To help students summarize the doctrines they have learned from Mosiah 3:19, ask:
What are some gospel truths that you find in Mosiah 3:19?
Students may list several doctrines from this verse, including the following:
The natural man is an enemy to God.
As we yield to the enticings of the Holy Spirit, we put off the natural man.
Through the Atonement of Christ, we can put off the natural man and become saints.
Invite students to respond to one of the following questions in their scripture study journals. (You may want to write these questions on the board before class, prepare a handout with the questions, or read the questions slowly so students can write them in their scripture study journals.)
What can you do to more fully yield “to the enticings of the Holy Spirit”? What will you do over the next week to improve in this area of your life?
What attribute of a child listed in Mosiah 3:19 do you most need to develop? What will you do over the next week to help you develop that attribute?
To help students gain a greater appreciation for the Savior’s Atonement, read Mosiah 3:23–26 to them. Explain that the phrase “cup of the wrath of God” in verse 26 refers to the eventual suffering of those who willfully sin and do not repent. Then ask a student to read Doctrine and Covenants 19:16–19. Ask students to listen for the word cup in verse 18.
What has Jesus Christ done so that we will not have to drink “out of the cup of the wrath of God”? (He has partaken of that cup Himself, taking upon Himself the punishment for our sins. If we truly repent, we will not have to suffer that punishment.)
Conclude by sharing your testimony of the truths discussed in this lesson.
Scripture Mastery—Mosiah 3:19
To help students memorize Mosiah 3:19, divide them into pairs. Ask them to read Mosiah 3:19 aloud, one word at a time, alternating every other word with their partner. Ask them to repeat this exercise a few times. You may want to add variety to this activity by having each partner read two or three words at a time.
The repetition of this activity will help students become familiar with the content of the verse and will make it easier for them to memorize the entire verse. Challenge them to complete their memorization of Mosiah 3:19 on their own.
Note: Because of the nature and length of this lesson, you might want to use this scripture mastery activity on another day, when you have extra time.
Commentary and Background Information
Mosiah 3:5–11. Learning about the Atonement of Jesus Christ
Elder Richard G. Scott of the Quorum of the Twelve Apostles taught that we should seek to understand all we can about the Atonement of Jesus Christ:
“None of us can ever adequately appreciate in mortality the full beneficial consequences of the Atonement.
“There is an imperative need for each of us to strengthen our understanding of the significance of the Atonement of Jesus Christ so that it will become an unshakable foundation upon which to build our lives.

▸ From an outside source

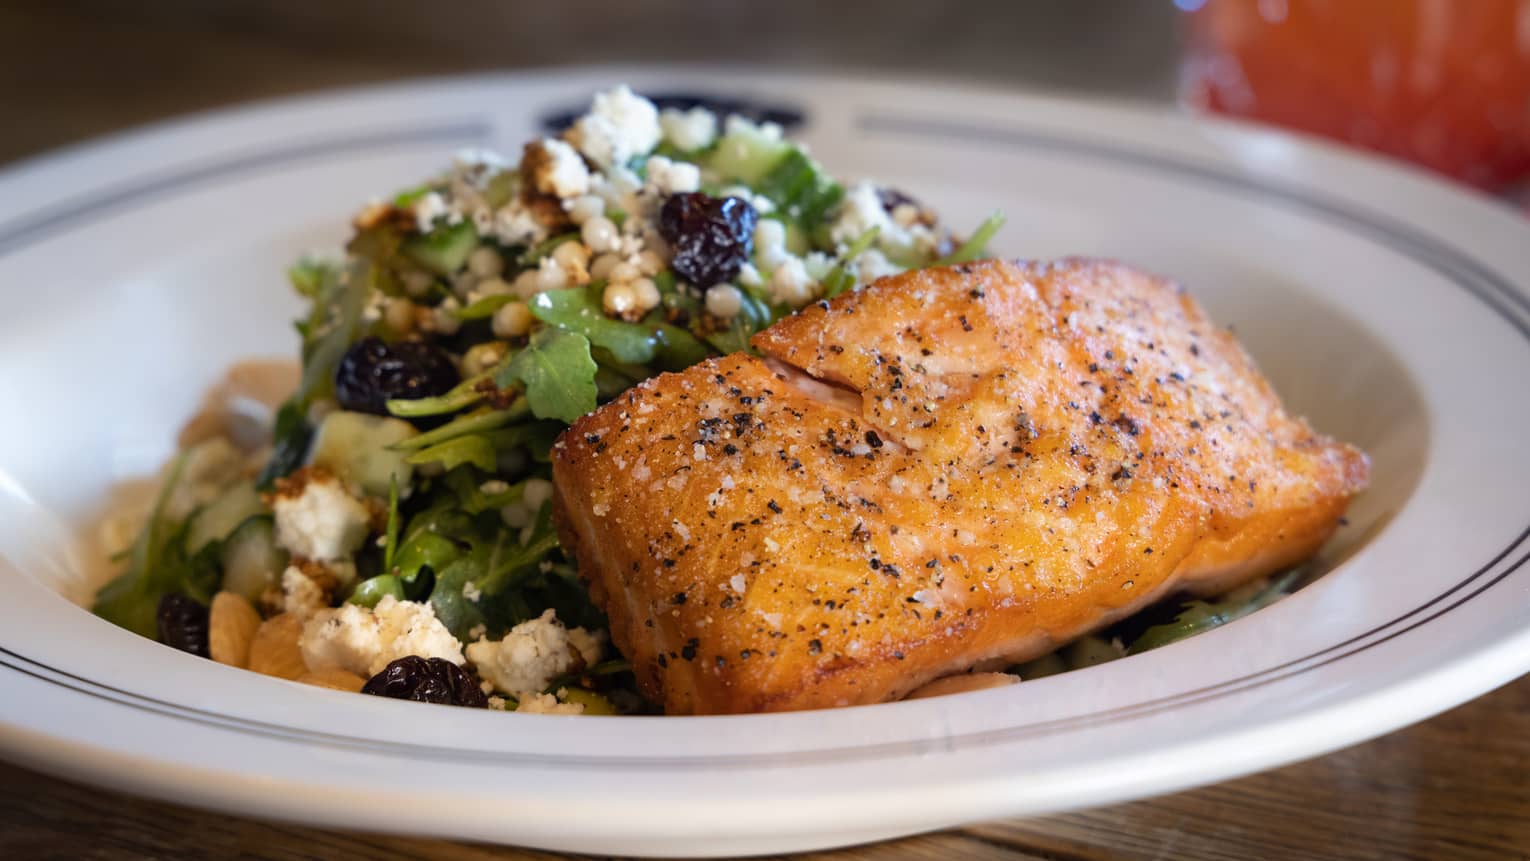 Salmon with a green salad in a white bowl.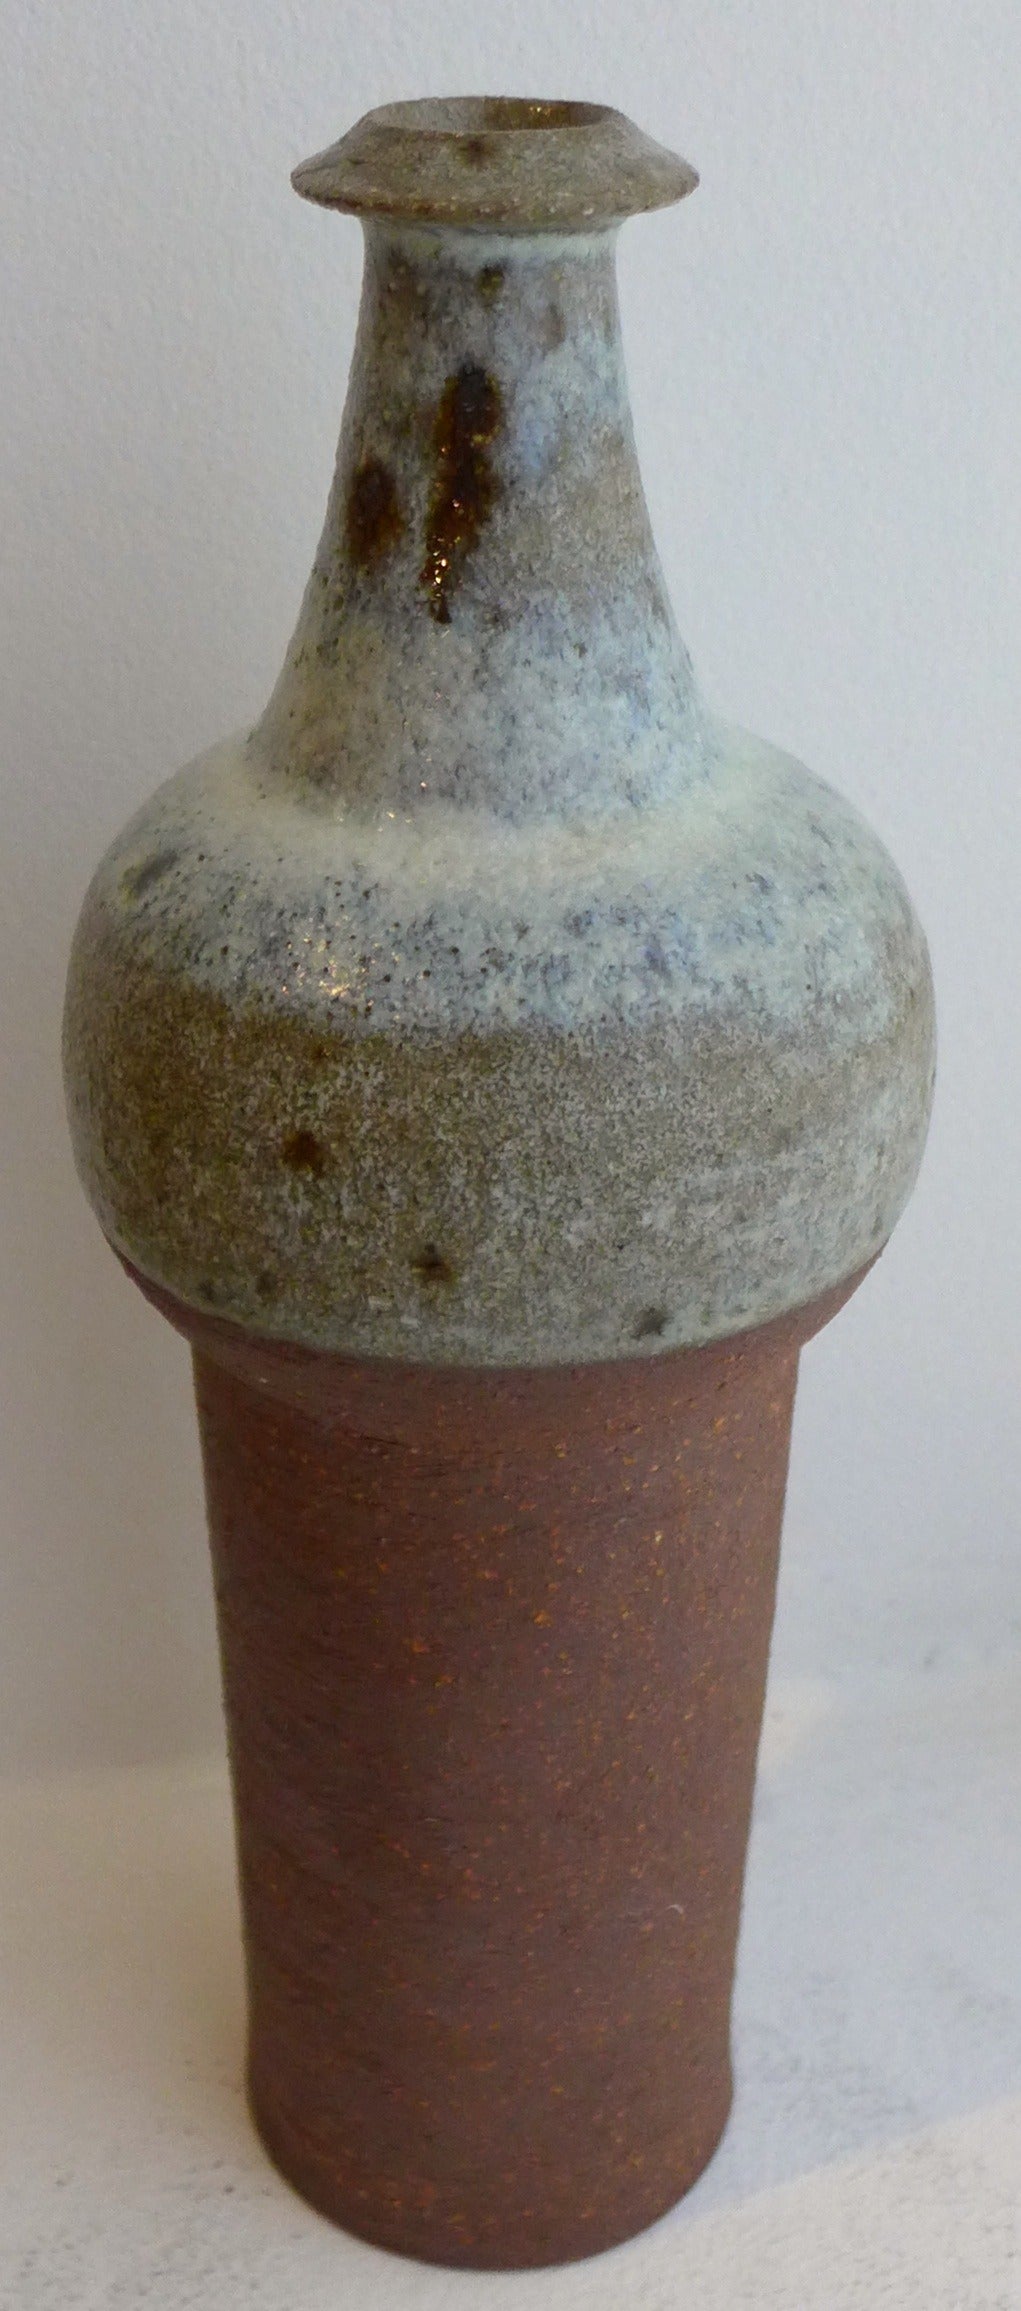 Studio vase with bulbous center and flaring neck, circa 1960s. Multi-chromatic glaze on top, unglazed on bottom. By Danish painter, ceramist, and glass-maker Finn Lynggaard (1930-2011) Lynggaard studied painting and ceramics at the Royal College of

As the world becomes more devoid of foundational standards and as honor, virtue, and purity are increasingly cast aside in the pursuit of appetite, our understanding of and faith in the Atonement of Jesus Christ will provide strength and capacity needed for a successful life. It will also bring confidence in times of trial and peace in moments of turmoil.
“I energetically encourage you to establish a personal study plan to better understand and appreciate the incomparable, eternal, infinite consequences of Jesus Christ’s perfect fulfillment of His divinely appointed calling as our Savior and Redeemer. Profound personal pondering of the scriptures accompanied by searching, heartfelt prayer will fortify your understanding of and appreciation for His priceless Atonement. Another powerful way to learn of Jesus Christ and His Atonement is through consistent temple attendance” (“He Lives! All Glory to His Name!” Ensign or Liahona, May 2010, 77).
Mosiah 3:19. The sacrament and becoming a Saint
Elder Quentin L. Cook of the Quorum of the Twelve Apostles explained the link between the sacrament and our efforts to become “a saint through the atonement of Christ the Lord” (Mosiah 3:19):
“Sacrament meeting is the most sacred and holy of all the meetings in the Church. After His Resurrection, the Savior instituted the sacrament among the Nephites. If we are to be His disciples and to be committed members of His Church, we must remember and reverence the sacrament. It allows each of us to express with broken hearts and contrite spirits our willingness to follow the Savior, to repent, and to become a Saint through the Atonement of Christ” (“We Follow Jesus Christ,” Ensign or Liahona, May 2010, 84).
Supplemental Teaching Idea
Mosiah 3:23–26. Partaking of the sacrament reminds us of the Atonement
The lesson concludes with a discussion about the unrepentant eventually drinking from “the cup of the wrath of God” (see Mosiah 3:23–26) and the Savior being willing to “drink the bitter cup” for us (see D&C 19:16–19). As part of this discussion, ask a student to read Doctrine and Covenants 20:78–79 aloud.
How does this passage relate to Mosiah 3:26 and D&C 19:18? (Ensure that students understand that the sacrament cup that we take each week is a reminder of the Savior’s suffering for us—the bitter cup He drank—and a reminder of the blessings we receive through His Atonement as we keep our covenants.)